Module Learner.SWAL

SWAL algorithm (Algorithm 1 of the paper).

Learns a minimal WFA over a semiring S by iteratively: 1. Extending the observation set with membership queries derived from counterexamples. 2. Asking the SMT solver for a WFA of the current hypothesis size consistent with all observations. 3. If UNSAT, incrementing the state count and retrying. 4. If SAT, extracting a hypothesis WFA and submitting it to the teacher. 5. On equivalence, terminating; on a new counterexample, looping to (1).

The encoding E is a first-class module (either Naive or Gen) chosen at the call site in bin/main.ml; the SMT backend SMT is similarly injected. This parametricity is the key to SWAL's generality over semirings and encoding strategies.

Parameters

module E : Encoding.T with type a = Automata.WFA.Make(S).t and type s = S.t
module SMT : Smtml.Solver.S

Signature

type teacher = Teacher.Make(S).t
type t
val mk : teacher -> seed:Base.int -> logic:Base.bool -> inc:Base.bool -> exts:(Automata.Word.t -> Automata.Word.set) -> t

mk teacher ~seed ~logic ~inc ~exts initializes a learner.

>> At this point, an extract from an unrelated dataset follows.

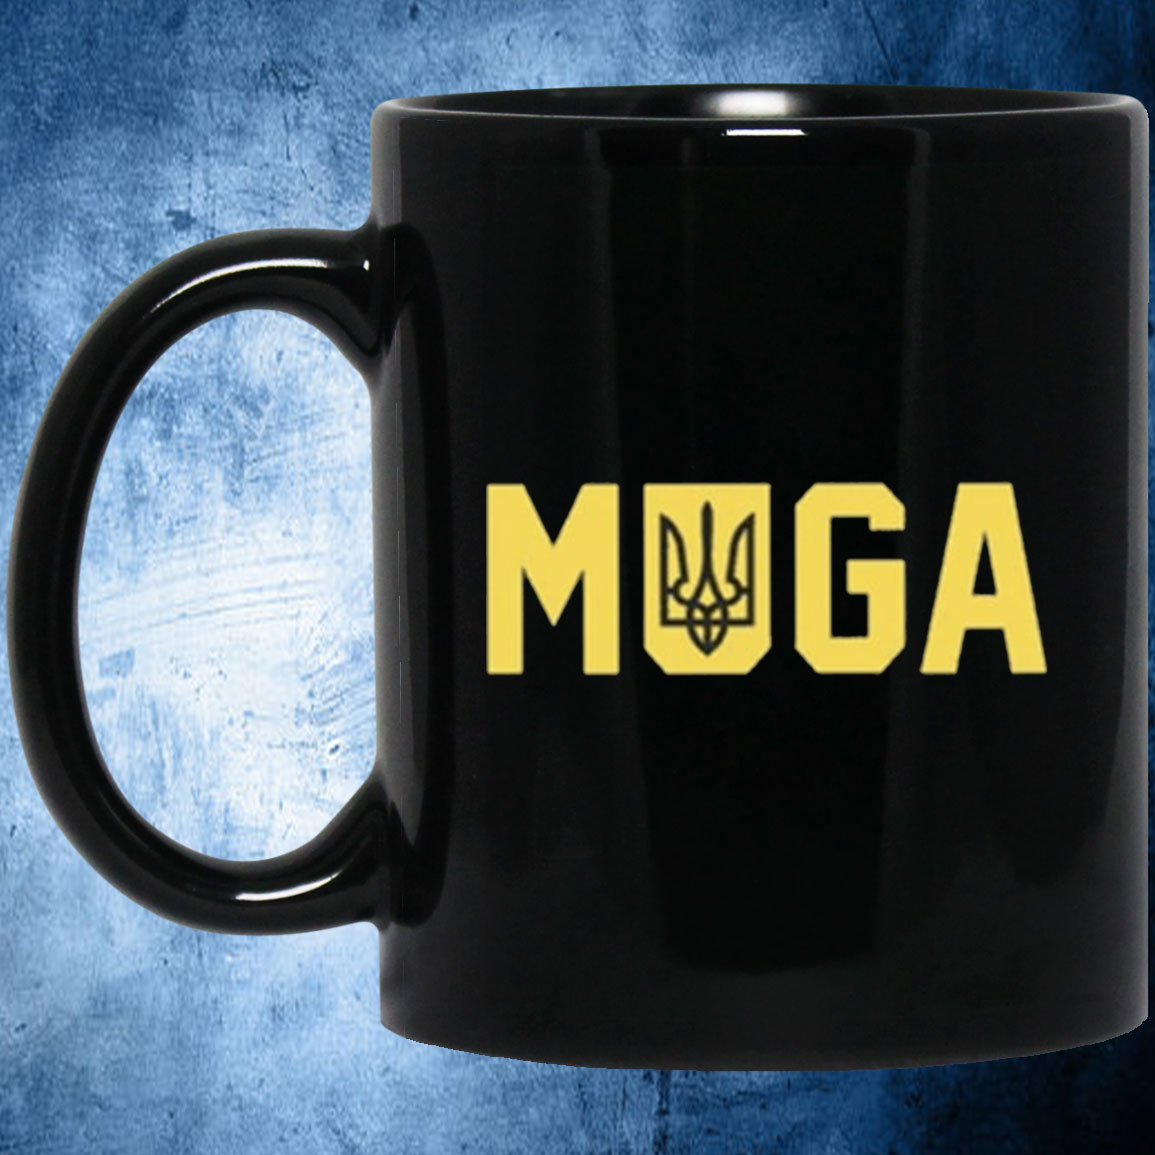 Ukraine Muga Mug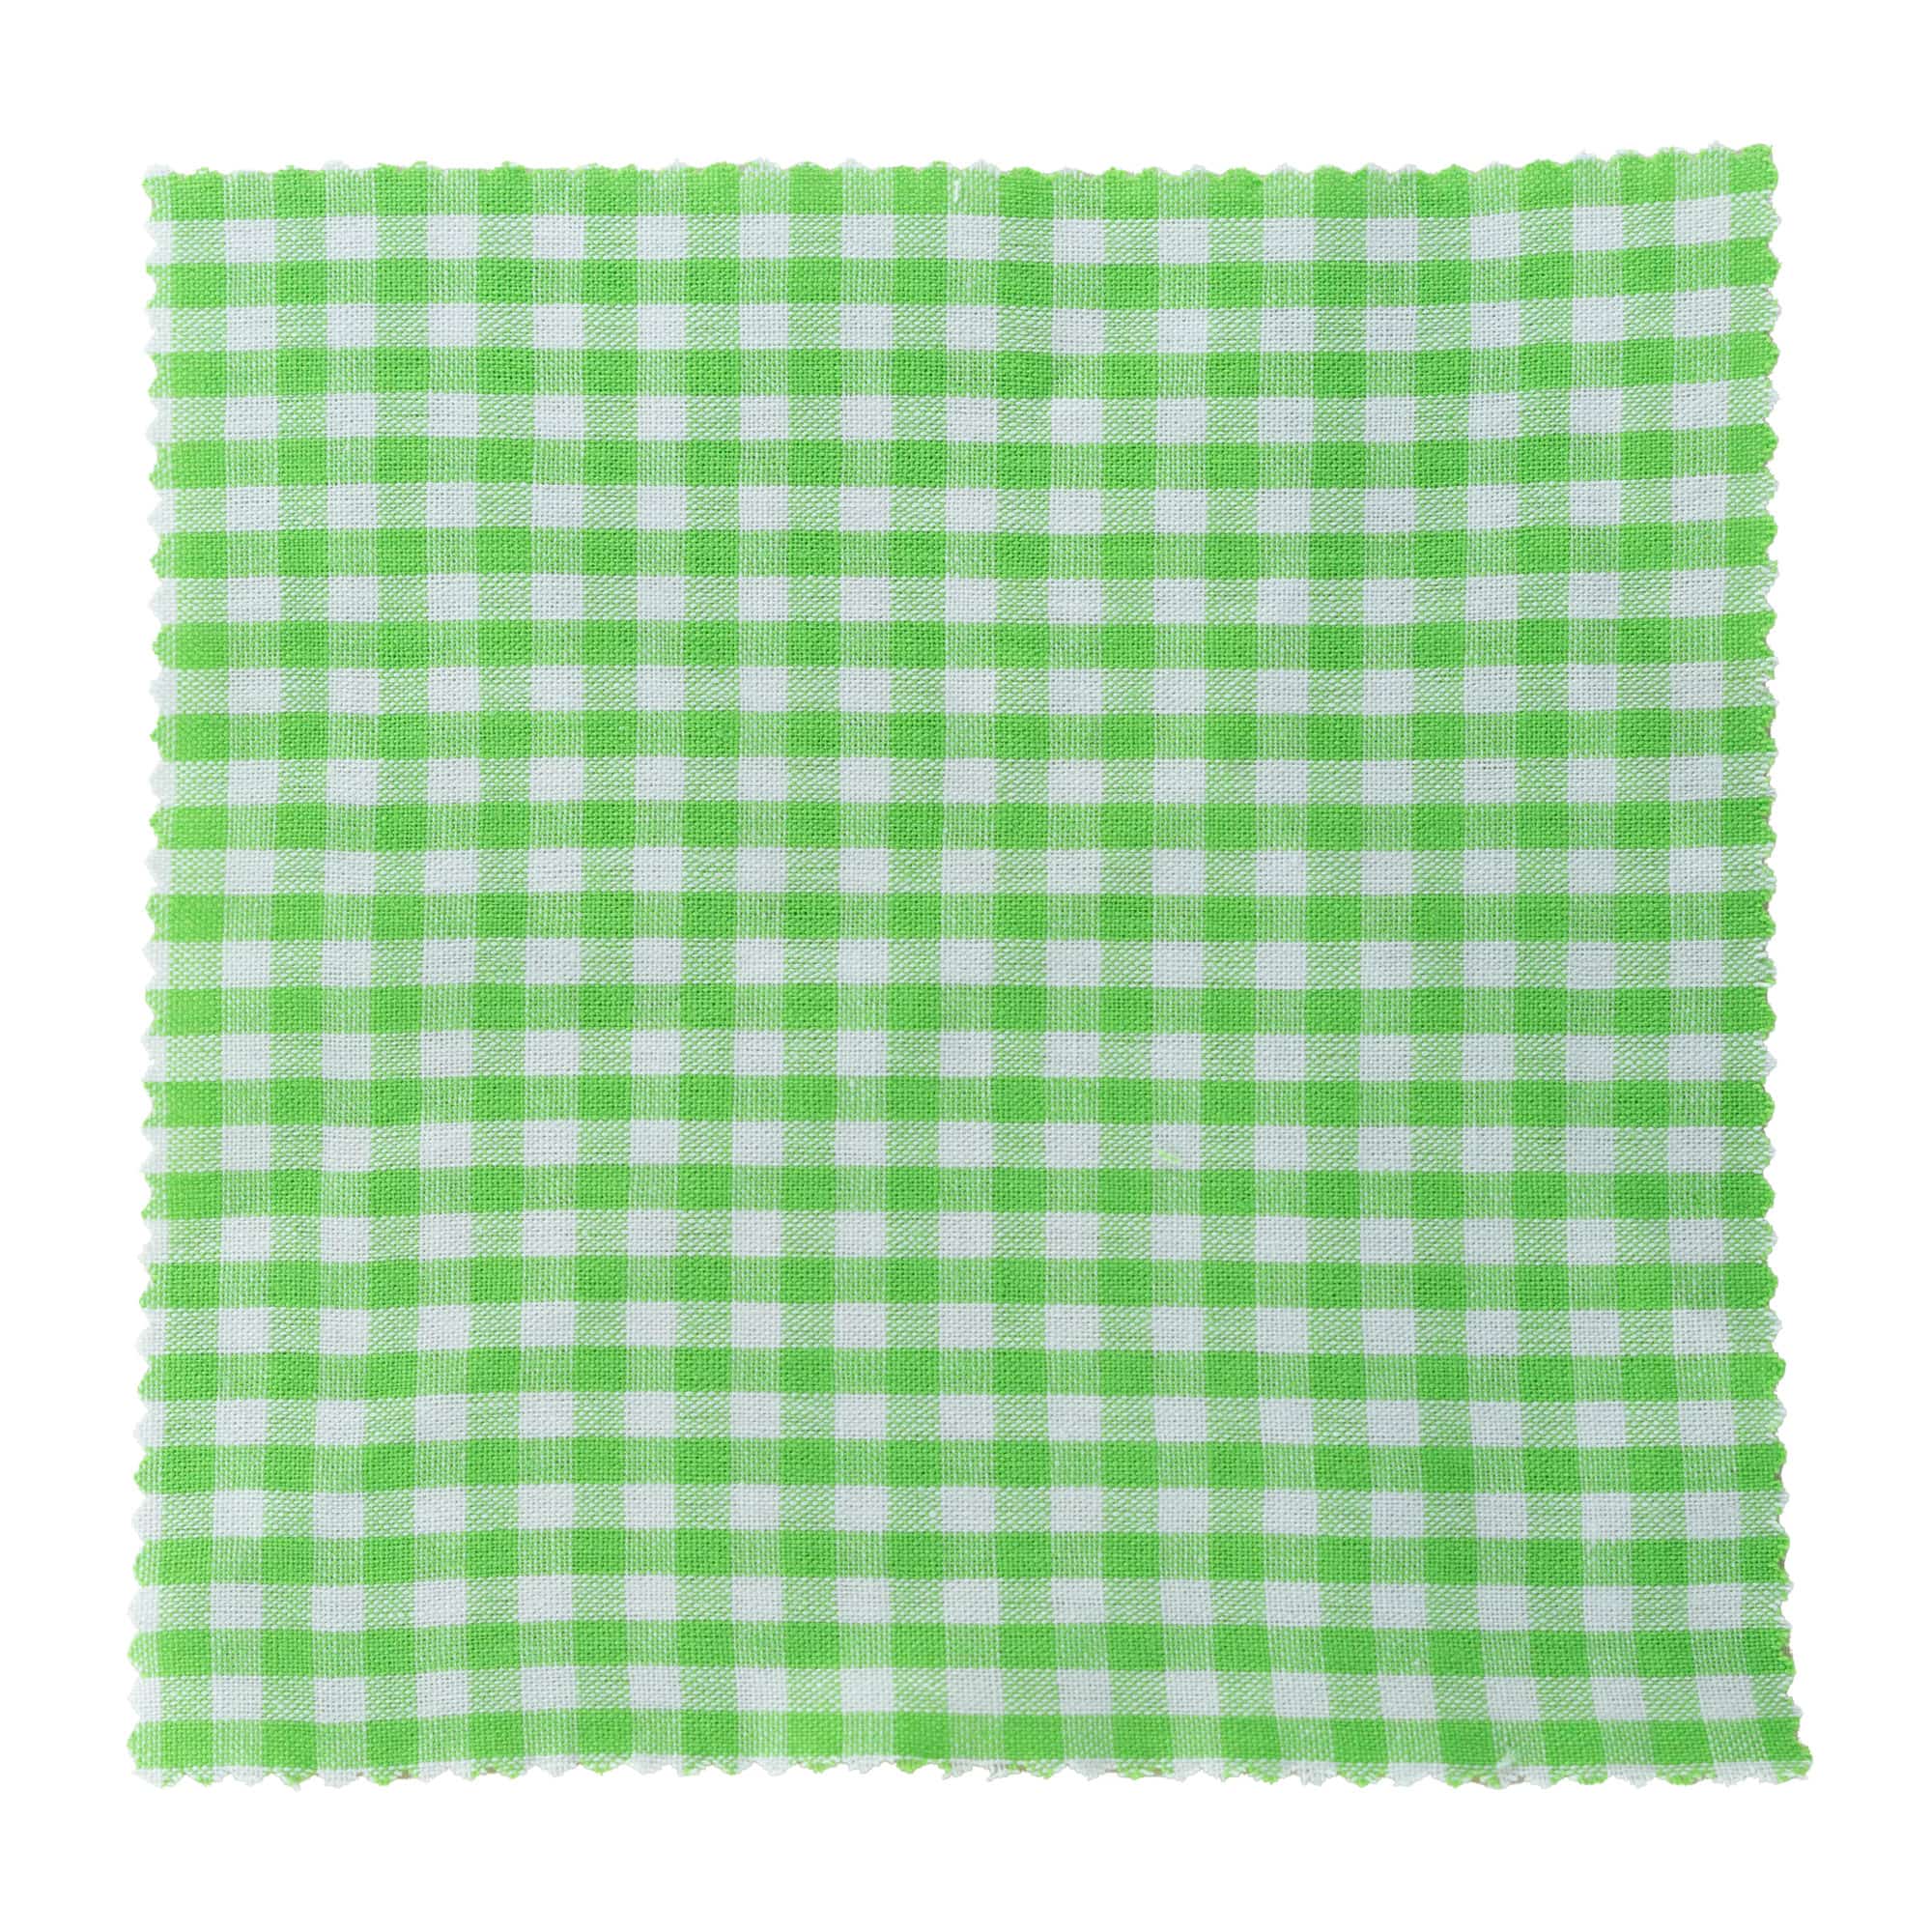 Kapturek na słoik w kratkę 15x15, kwadratowy, materiał tekstylny, kolor zielony w odcieniu liści lipy, zamknięcie: TO58-TO82

  • seed: SMT solver random seed (for reproducibility).
  • logic: if true, pass the semiring-specific SMT logic to the solver (tighter than Logic.ALL, may speed up solving).
  • inc: use incremental SMT mode (push/pop instead of re-asserting).
  • exts: counterexample extension function; maps a counterexample word to the set of words whose membership values are added to the observation set. Choices are Id (just the cex), Prefixes, or Suffixes (controlled by --exts).
val learn : t -> aut

Run the learning loop and return the minimal WFA for the target language.